As wireless networking continues to edge wired Ethernet towards the margins, the same worries that once prevailed on the wire have migrated to the WLAN. Among these concerns is Network Access Control (NAC). Traditionally, NAC has been a stand-alone service that you "point" a given VLAN or set of users at. Interactions between the NAC system and network switches provide on-ramps to the network, or quarantine users when their computers don't pass muster based on requirements for antivirus, operating system patches, user credentials or other parameters. The entire process has tended to be external to WLAN hardware, even when wireless clients are being controlled. A newly announced partnership between Aruba Networks and Impulse Point puts a fresh spin on the NAC process, and leverages the best of both company's feature sets.
As an Impulse Point customer, I am quite familiar with the company's Safe Connect NAC system. In my environment, Safe Connect operates as a managed service that interacts with our Cisco 6500 switches to write and update dynamic access rules for wireless clients on our Cisco WLAN, based on client status as reported by the system's lightweight agent. If a client is healthy and has the agent, it's allowed on the network in accordance with granular policies that map to specific Active Directory groups for our clients. If the agent isn't present or the client fails to meet an access requirement, the client is shunted off for remediation and eventual reinstatement. Because Safe Connect works directly with our core network boxes, the complexities of VLAN steering and manipulation that other NAC solutions rely on are not a factor. However, there is no totally free lunch: under heavy loads we do see occasional, and significant, increases in resource utilization on our 6500s, where Safe Connect works its per-client magic writing ever-changing access lists.
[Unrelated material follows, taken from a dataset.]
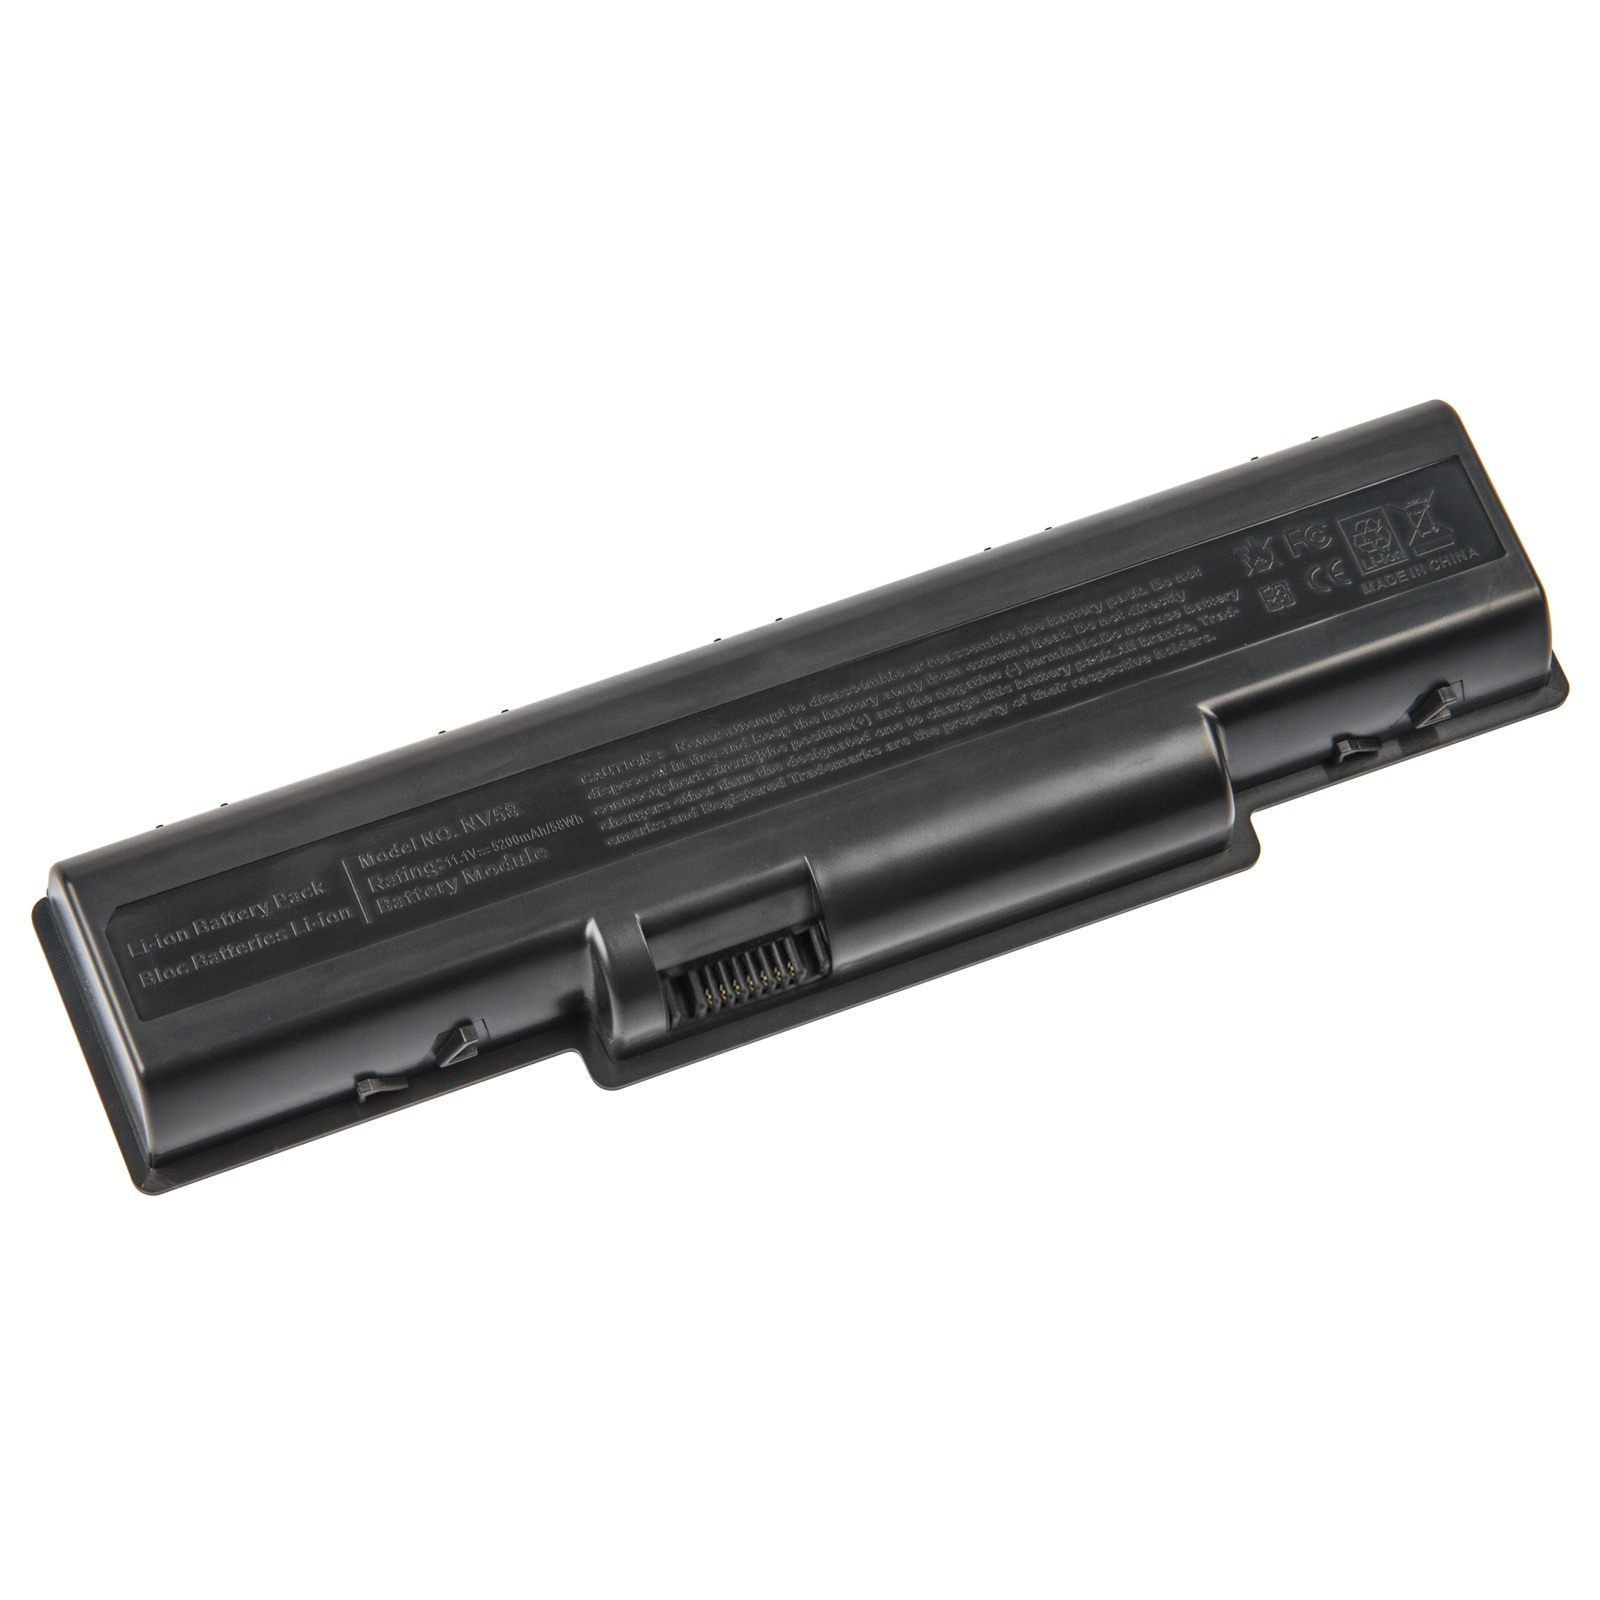 6 Cell Battery for Acer Aspire 5516 5517 5532 5334 5732z AS09A31 AS09A41 AS09A61 - image 1 of 4

Aruba Networks is not the biggest fish in the WLAN pond, but the company is gaining market share and plays in the same customer and distribution spaces as Impulse Point. Aruba's roll-based control for wireless clients is popular with customers who rely on the integrated Policy Enforcement Firewall (PEF) in the company's mobility controllers to keep the wireless client mixture sorted and in compliance with operational policy.
By now, you may have guessed where this is going. Impulse Point and Aruba now communicate thanks to the latest version of code for each product. Wireless clients with the Safe Connect agent on the Aruba WLAN still report to the NAC appliance, which can dynamically manipulate Aruba's PEF directly. This makes for a tighter system integration and leaves core boxes alone to route and switch. I spoke with Dennis Muley, president of Impulse Point, about the partnership. He sees Aruba's PEF is a natural fit for control by the Safe Connect NAC system that enforces full-time, real-time usage control via the firewall. Rather than have users placed in a quarantine VLAN where they can still see each other, the firewall approach means users get just enough access to reach remediation servers.
The integration between Impulse and Aruba isn't exclusive. Muley has his sights on other wireless providers. "The Aruba firewall for us is just another aggregation and control point. We're hoping to expand on this sort of integration and work with other wireless systems directly for NAC in the near future," says Muley. Sounds good to me.